Consumer goods group Unilever is launching a year-long experiment to test how a four-day work week will impact their workforce.
Starting next week, the company will begin paying its 81 employees in New Zealand for five days, while allowing them to work four.
After the year is up, Unilever will identify the lessons from the experiment and see how it can apply to the rest of its 155,000 staffers.
“I’ve got colleagues all over the world who are saying ‘Please don’t stuff this thing up because we want to have a go at it some time in the future’,” said Nick Bangs, Unilever’s New Zealand managing director.
Bangs added that a four-day work week may not be plausible for manufacturing sites, but the company does not have manufacturing in New Zealand where the experiment is taking place.
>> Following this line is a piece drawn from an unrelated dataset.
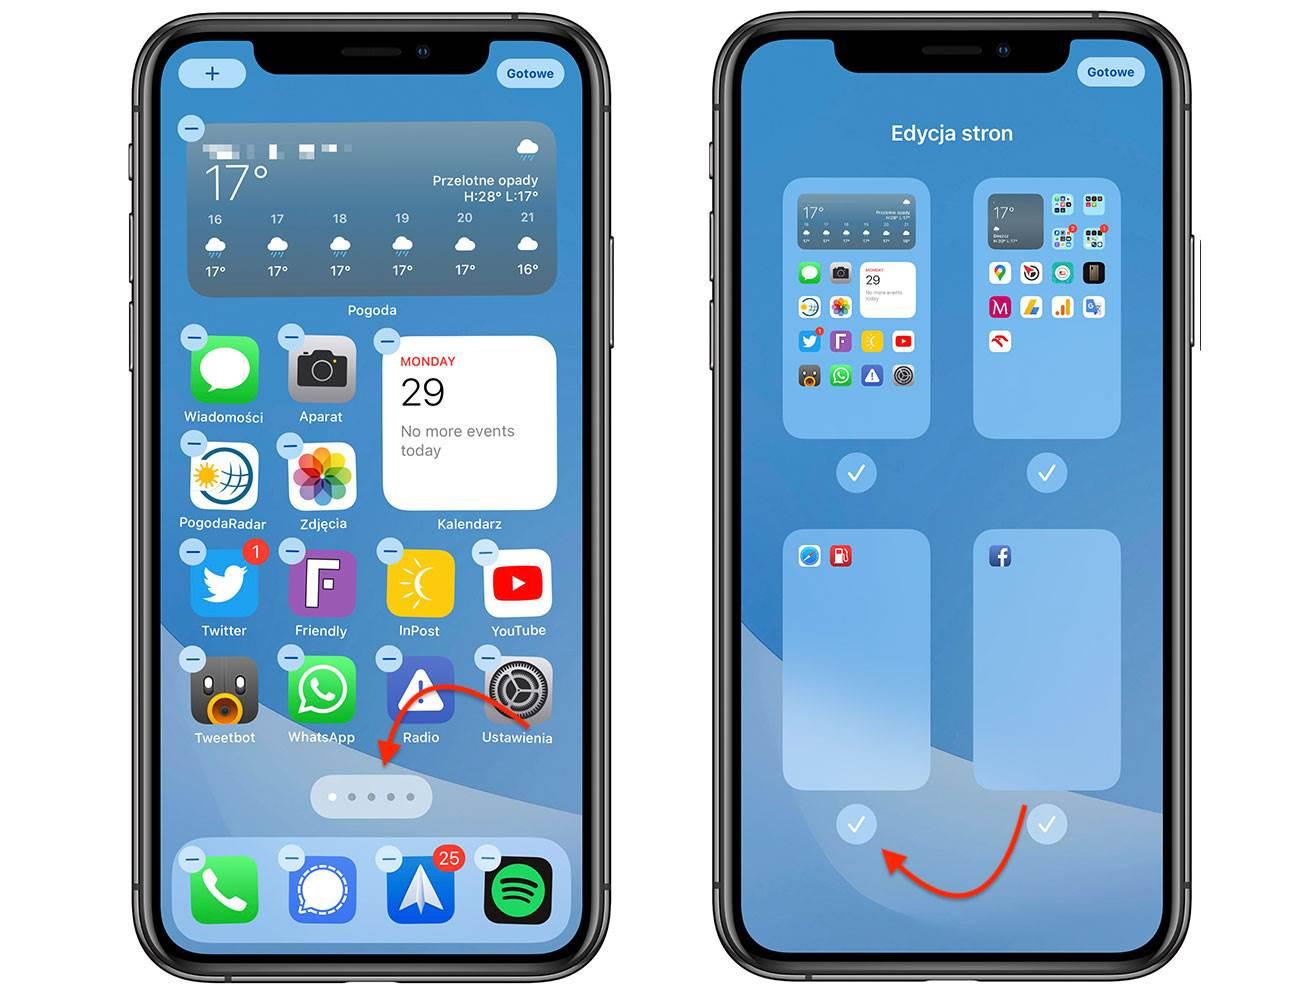 iOS 14 pozwala ukryć nieużywane ekrany główne polecane, ciekawostki jak ukryc ekran, iPhone, iOS 14  Po kilkudniowej przerwie powracamy do opisywania nowości dostępnych w iOS 14. W tym wpisie dowiecie się jak ukryć nieużywane ekrany główne w iPhone. iOS14 2 7

This is one of many experiments companies have undergone to improve retention rates, as well as the productivity and wellbeing of their employees. For instance, Microsoft noted that their productivity grew when it started offering four-day work weeks for its staff in Japan last August.
Bangs said he was inspired by Andrew Barnes, founder of New Zealand estate planning firm Perpetual Guardian. The company made waves in 2018 when it announced it would give its staff of 240 a day off at full pay for eight weeks, which led to a huge uptick in productivity.
Unilever CEO Alan Jope has offered “overwhelming support” and said that he anticipates the workplace to be hybrid in the future.